Could some last "special" characters lead to lost tree-tagger processes?

GoogleCodeExporter commented 9 years ago

Hello,

When I apply tree-tagger with the Chinese parameter file provided by S; Sharoff
on a file tokenized by the Chinese Segmenter provided by E. Peterson  
(mandarintools.com) 

  tree-tagger -quiet -no-unknown -sgml -token -lemma /usr/local/share/tree-tagger/lib/zh.par zh-test.txt

It provides the output int he attached file called zh-test.res

However, I suppose that I've got the following problem with tt4j: 
the tree-tagger process doesn't end even if every tokens have been processed 
successfully!

Could it be due to a jump to skipToken in the method removeProblematicTokens of 
the class TreeTaggerWrapper?

Thanks in advance,
Jérôme Rocheteau

PS I use tt4j within the following UIMA wrapper:

http://code.google.com/p/ttc-project/source/browse/trunk/modules/uima-tree-tagge
r-wrapper/sources/fr/univnantes/lina/uima/engines/TreeTaggerWrapper.java

It could have somme bugs.

Original issue reported on code.google.com by jerome.rocheteau on 21 Oct 2011 at 3:06

Attachments:

GoogleCodeExporter commented 9 years ago

The attached file of this comment provides logs about the previous process. 
Actually, it miss the last line : « INFO: Stop Treetagger»

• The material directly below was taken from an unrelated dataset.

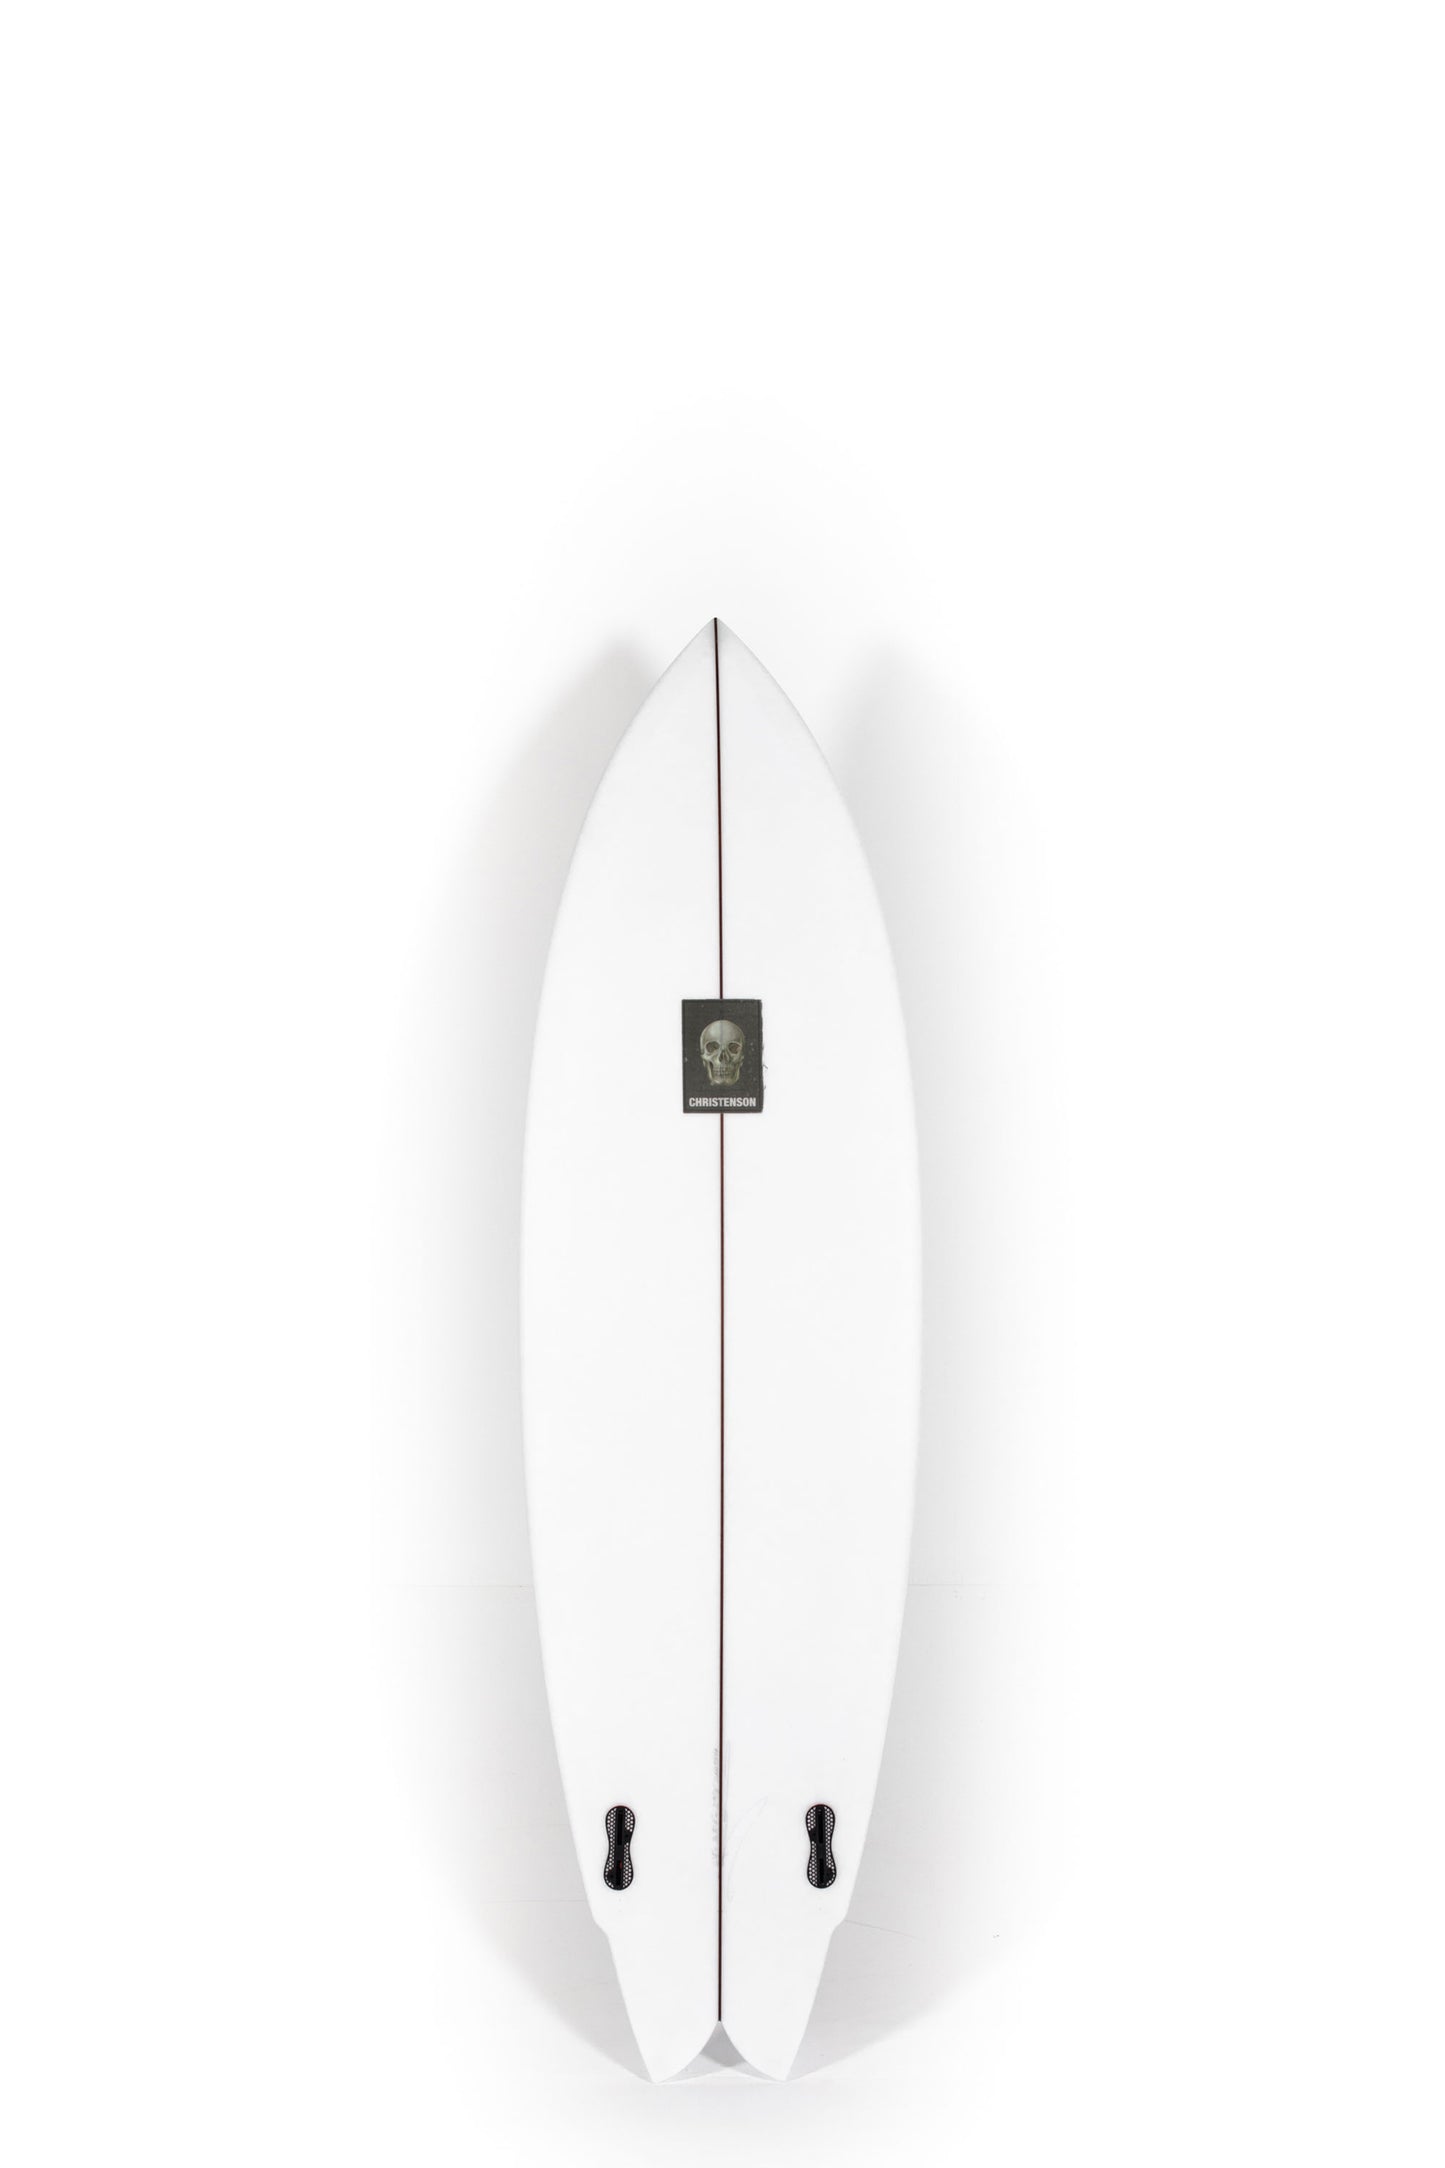 Pukas Surf Shop - Christenson Surfboard  - WOLVERINE by Chris Christenson - 6’4 x 20 5/8 x 2 9/16 - CX05371

That's the bug I would like to fix!

Thanks in advance,
Jérôme R

Original comment by jerome.rocheteau on 21 Oct 2011 at 3:11

Attachments:

zh-test.dbg

GoogleCodeExporter commented 9 years ago

Hi Jérôme,

I am not sure if I understand your problem. I gather that you get the expected 
output but you notice that in the end the tree-tagger process still is running. 
If this is your problem, then it's a feature in TT4J and a bug in your wrapper. 
Override the "destroy()" method in your UIMA wrapper and invoke 
TreeTaggerWrapper.destroy() there to stop the background process.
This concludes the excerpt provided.